Invoke a Callable object with a tuple of arguments.

auto add = [] (int x, int y) {
  return x + y;
};
std::apply(add, std::make_tuple( 1, 2 )); // == 3

Splicing for maps and sets

Moving nodes and merging containers without the overhead of expensive copies, moves, or heap allocations/deallocations.

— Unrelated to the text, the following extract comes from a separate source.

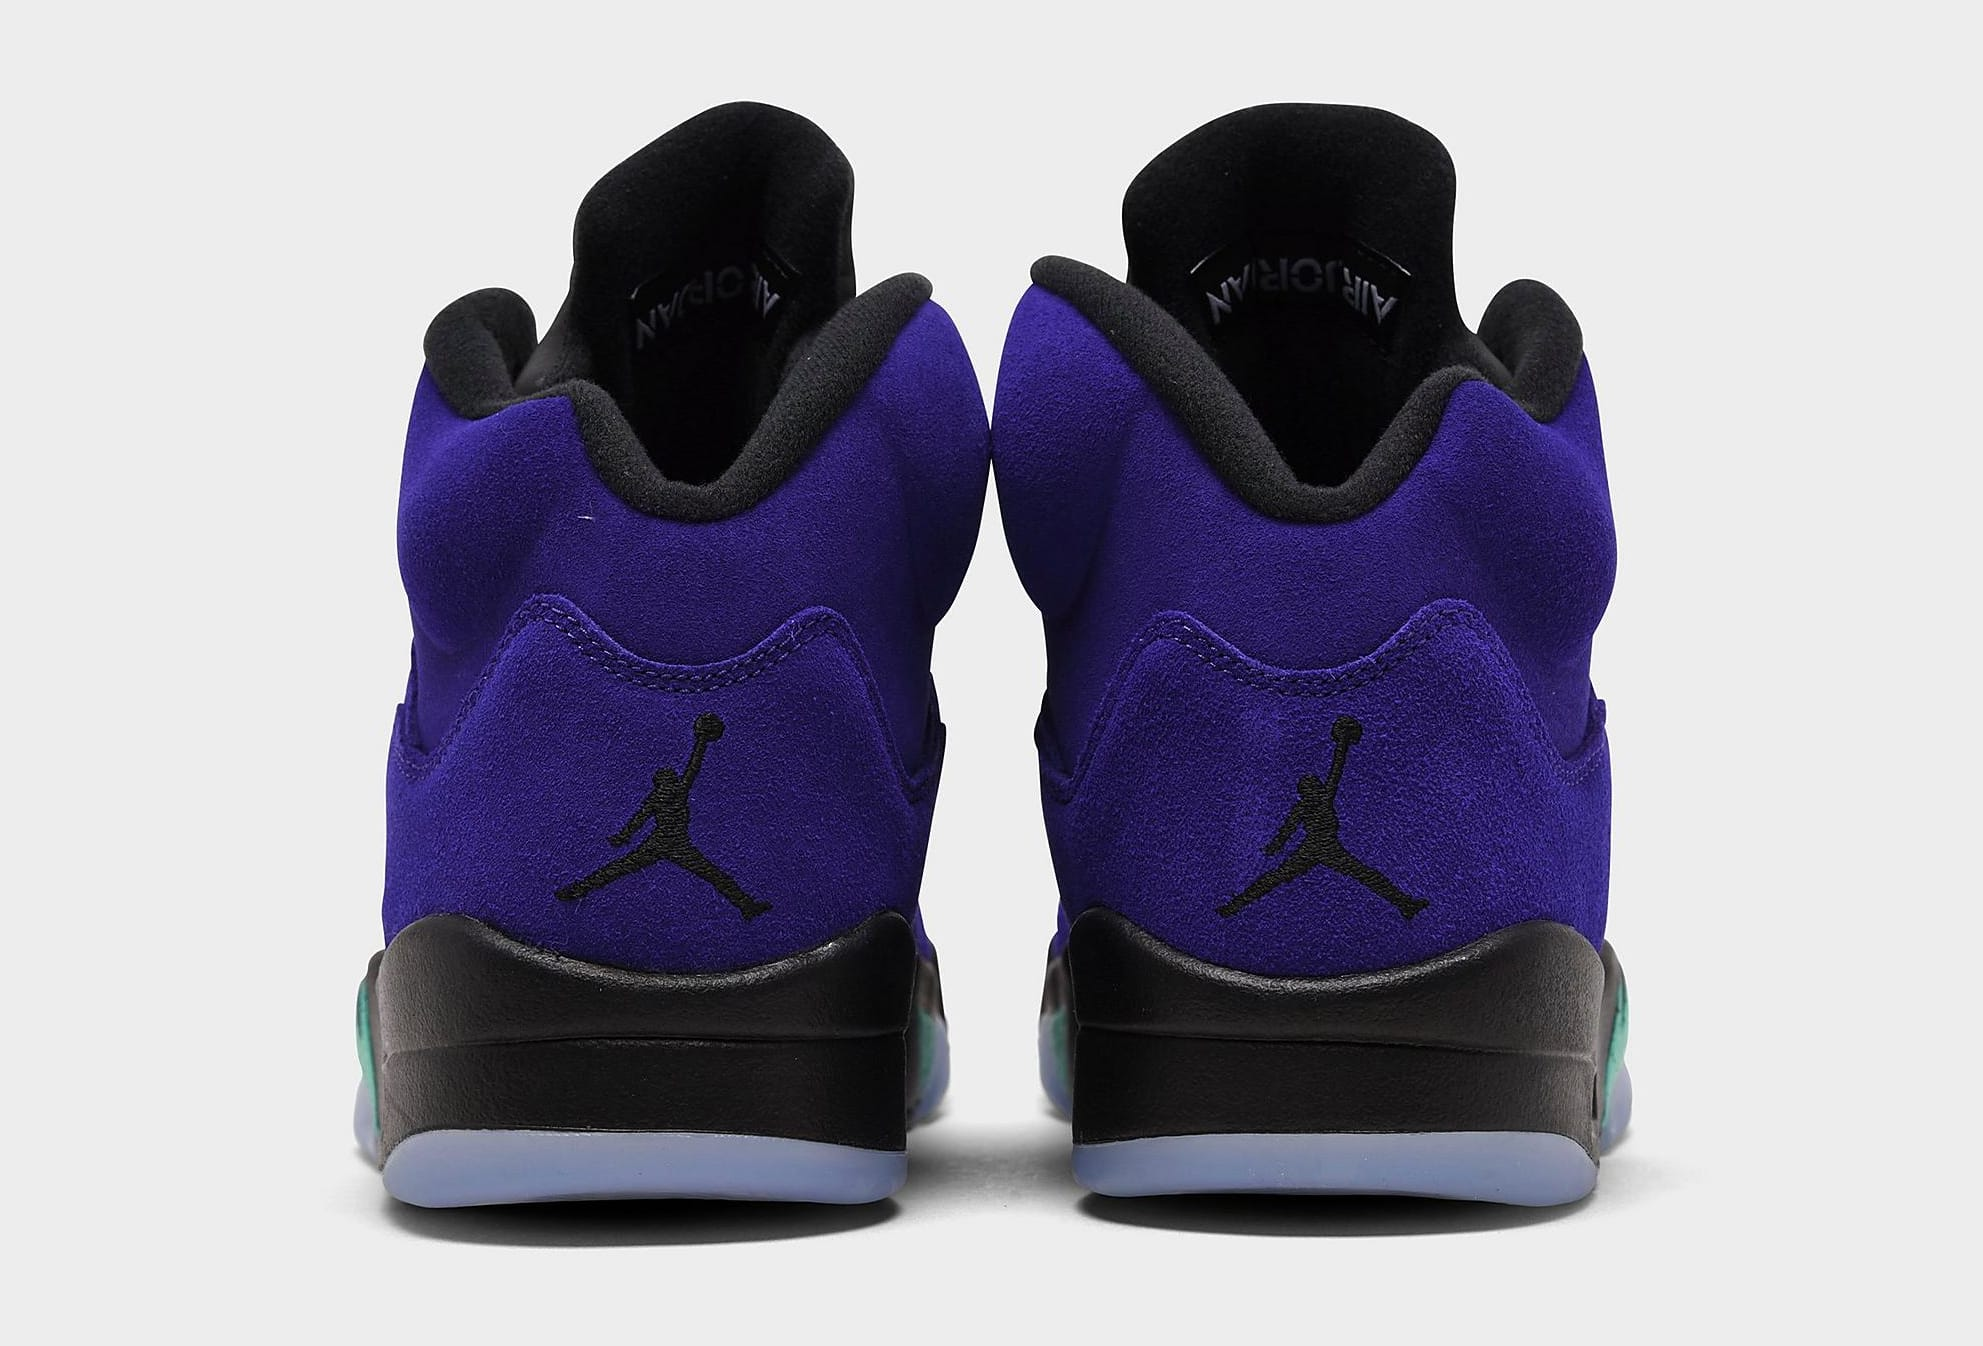 Air Jordan 5 Retro 'Alternate Grape' 136027-500 Heel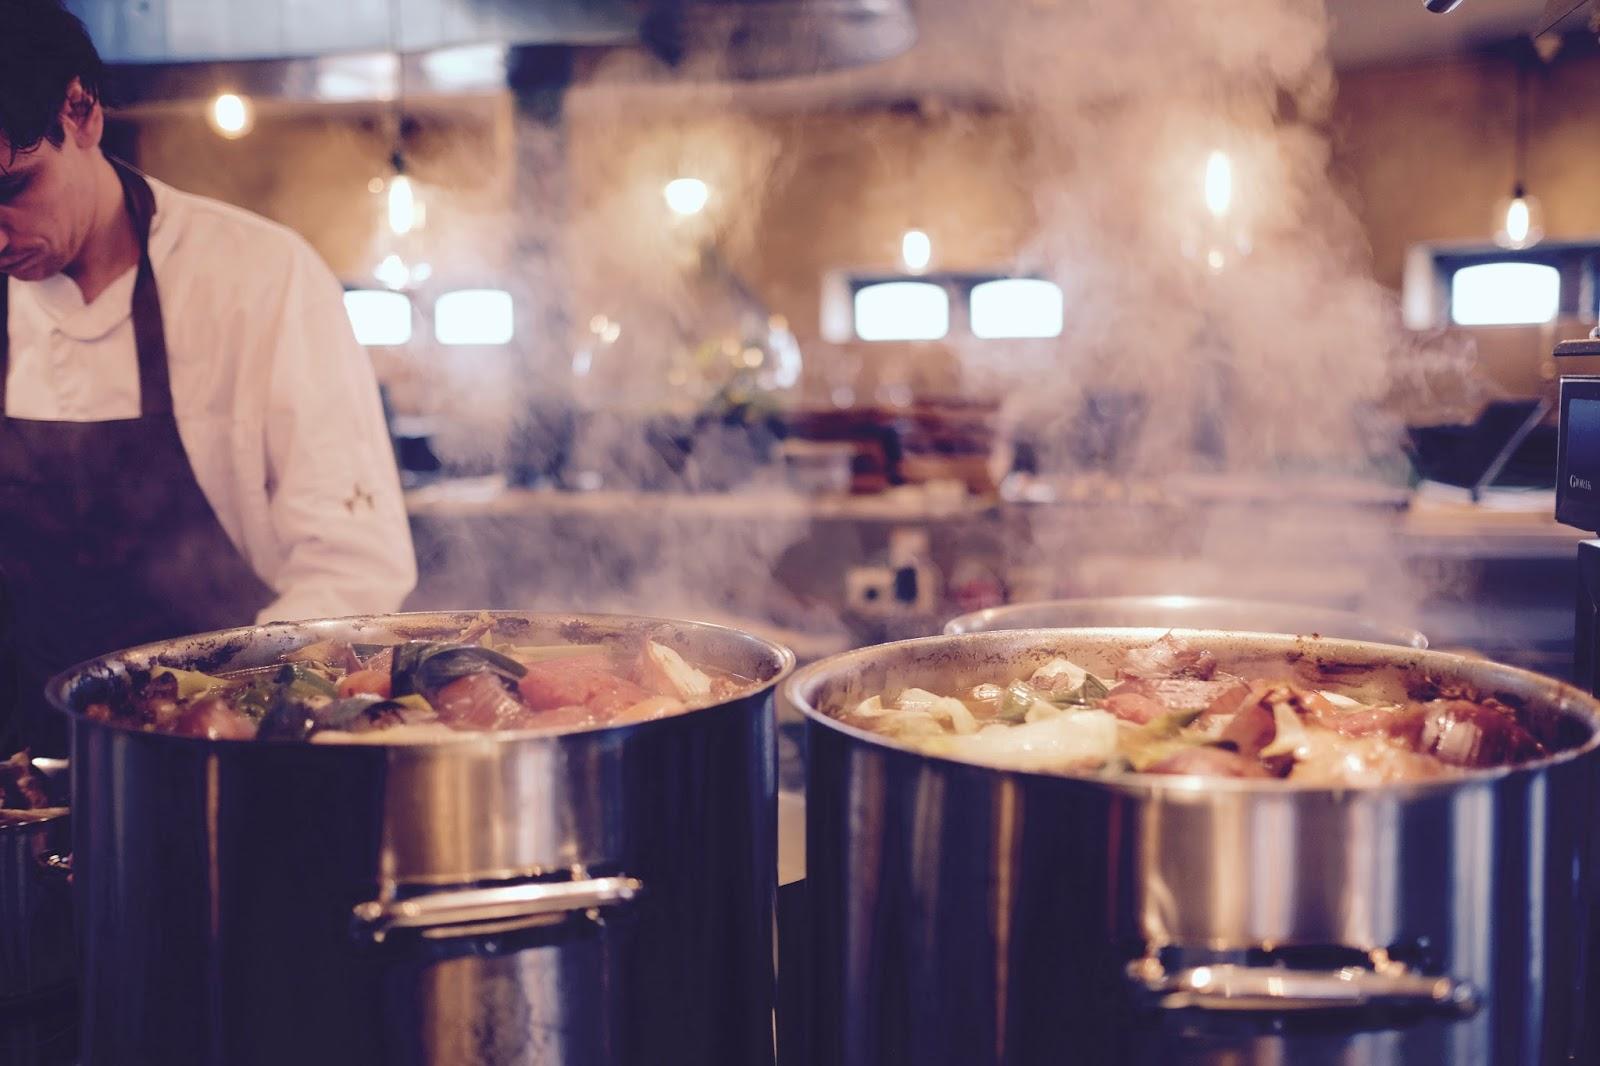 Kosakata Nama Alat Masak Di Dapur Dalam Bahasa Inggris Daily English Vocabulary

Moving elements from one map to another:

std::map<int, string> src{ { 1, "one" }, { 2, "two" }, { 3, "buckle my shoe" } };
std::map<int, string> dst{ { 3, "three" } };
dst.insert(src.extract(src.find(1))); // Cheap remove and insert of { 1, "one" } from `src` to `dst`.
dst.insert(src.extract(2)); // Cheap remove and insert of { 2, "two" } from `src` to `dst`.
// dst == { { 1, "one" }, { 2, "two" }, { 3, "three" } };

Inserting an entire set:

std::set<int> src{1, 3, 5};
std::set<int> dst{2, 4, 5};
dst.merge(src);
// src == { 5 }
// dst == { 1, 2, 3, 4, 5 }

Inserting elements which outlive the container:

auto elementFactory() {
  std::set<...> s;
  s.emplace(...);
  return s.extract(s.begin());
}
s2.insert(elementFactory());

Changing the key of a map element:

std::map<int, string> m{ { 1, "one" }, { 2, "two" }, { 3, "three" } };
auto e = m.extract(2);
e.key() = 4;
m.insert(std::move(e));
// m == { { 1, "one" }, { 3, "three" }, { 4, "two" } }

C++14 Language Features

Binary literals

Binary literals provide a convenient way to represent a base-2 number. It is possible to separate digits with '.

0b110 // == 6
0b1111'1111 // == 255

Generic lambda expressions

C++14 now allows the auto type-specifier in the parameter list, enabling polymorphic lambdas.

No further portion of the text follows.